A Conversation with 94-Year-old Shukri


The following videos were filmed over the course of an hour-and-a-half-long interview with Shukri, a first-generation Palestinian. At the time of the Nakba, Shukri was only 20 years old. As a result of the mass displacement and ethnic cleansing that took place before, during, and after the Nakba, Shukri chose to migrate to Peru, searching for a better life. Shukri was 94 years old at the time of his interview. Despite being on oxygen and in a wheelchair,  it was essential for him to share his story. He was just a young adult when the Nakba occurred, yet he remembers it like it was yesterday.

The day I interviewed him was one of the most impactful days of my life. What stuck out to me was his quiet joy at simply being asked to speak on his experience. Most of the Nakba generation was interviewed on the same day, all in a room together. There was an energy in that room, unlike anything I’d experienced before. There is something so powerful about all these people who, despite the odds, escaped the brutal colonization of their homelands, all speaking out—sharing their stories with the world and each other.

Shukri’s Story

In this video, Shukri tells the story of his journey as a migrant from Palestine to Lima, Peru due to the Nakba. He explains the difficulties of having much of his family so far away living under an oppressive regime. He also talks about the harsh realities of visiting family and his homelands. He also details the years of his life leading up to the Nakba, especially emphasizing that the Nakba did not simply start and end in 1948.

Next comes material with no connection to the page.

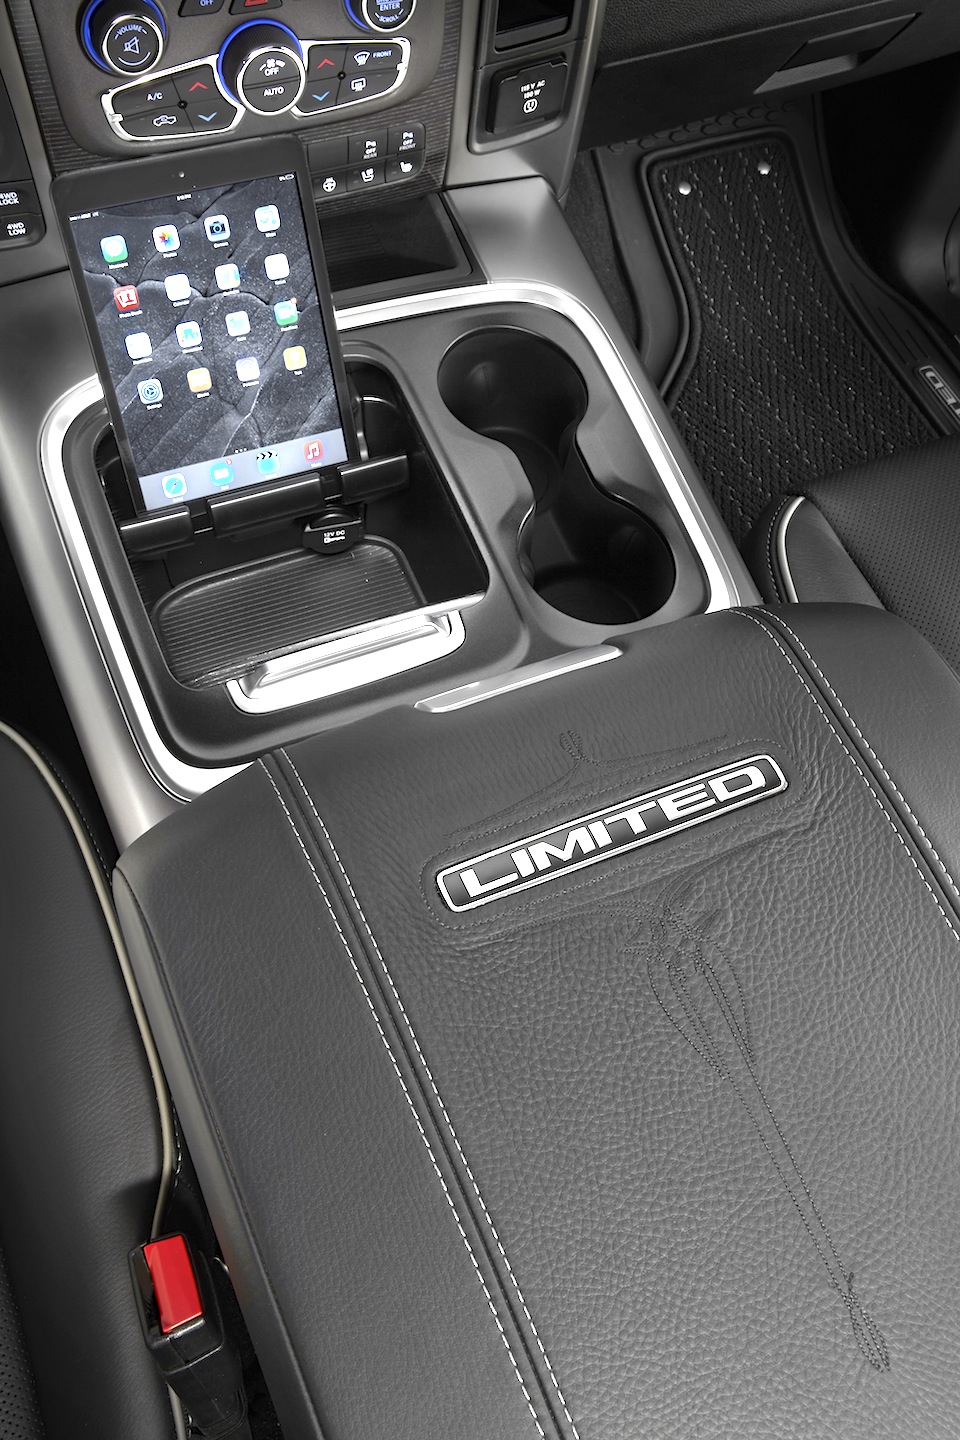 2015 Ram 1500 Laramie Limited - The Fast Lane Truck 2015 Ram 1500 Center Console Removal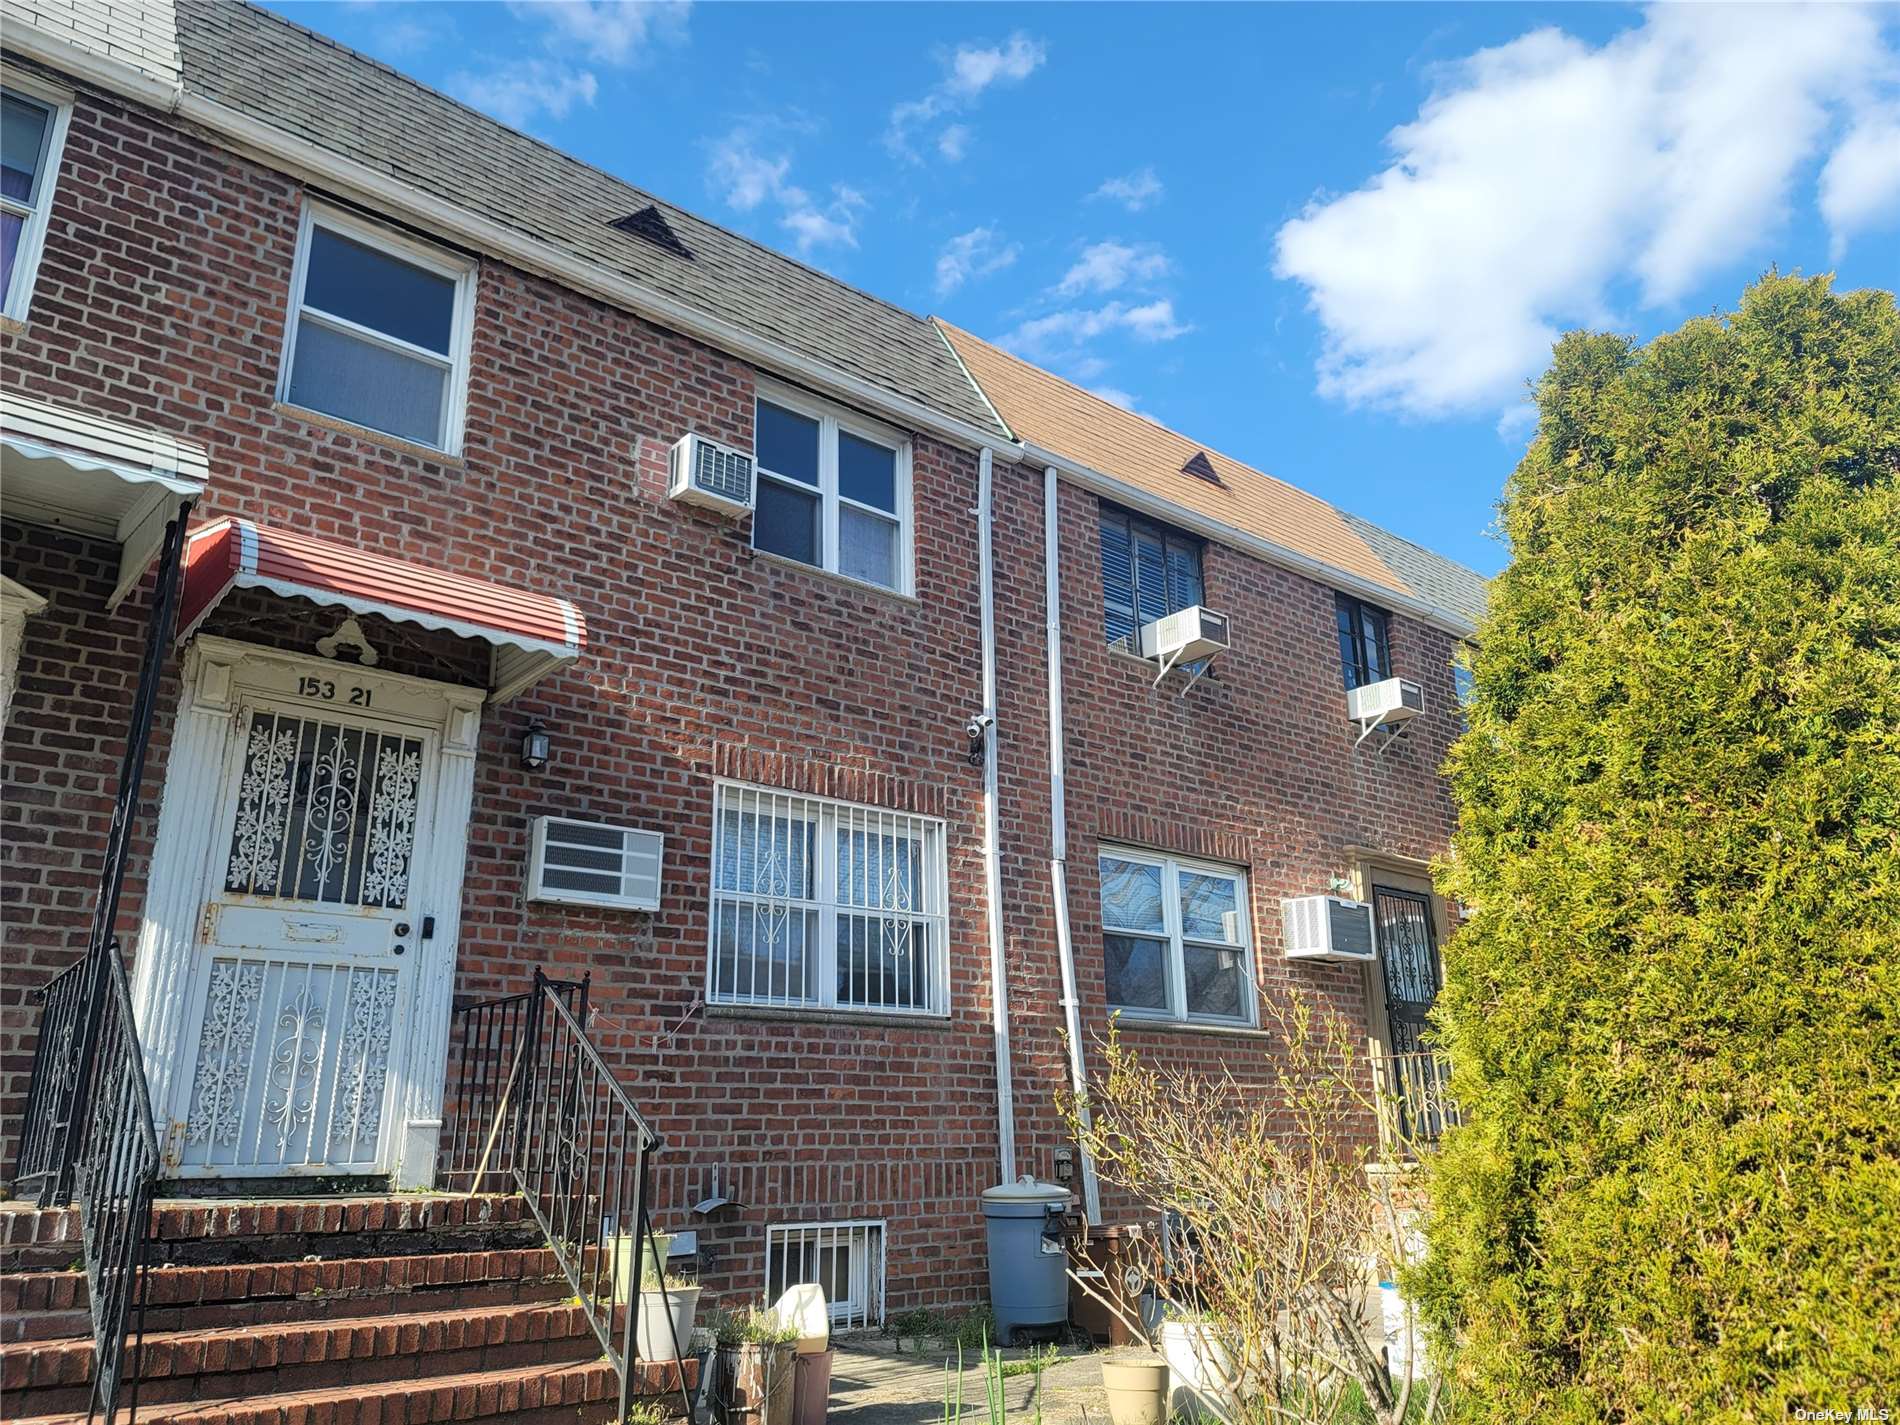 View Flushing, NY 11367 townhome

An Anecdote on life Just before the Nakba: The Boy Scouts

In this video, Shukri discusses the tactics used by Zionists prior to the Nakba itself to get to know the land they were attempting to colonize. When listening to this story, we can draw direct parallels to the ways in which settlers displacing Indigenous peoples in the US attempted to get to know the land via various tactics in order to eventually conquer it. I would like to urge the viewer to think about the real-life devastating affects that this type of strategic colonization has on both the colonized and the colonizer.

Dreams of a free Palestine and the Right to return

In this video, Shukri talks about what a Free Palestine means to him. He states that the want for a Free Palestine is the same as anyone’s wish to have freedom on their lands. He misses his homeland and his people but is unable to return safely. He emphasizes that no degree of separation from Palestine will ever divorce him from his homelands.

Here, Shukri elaborates on the reality that many Palestinians in the diaspora, including him, would love to return to their homelands and live peacefully, but are unable to do so due to the Zionist occupation of their ancestral homelands.

Shukri on Teaching His Children about Palestine

In this video Shukri discusses raising his children and the way that talking about Palestine factored into his parenting.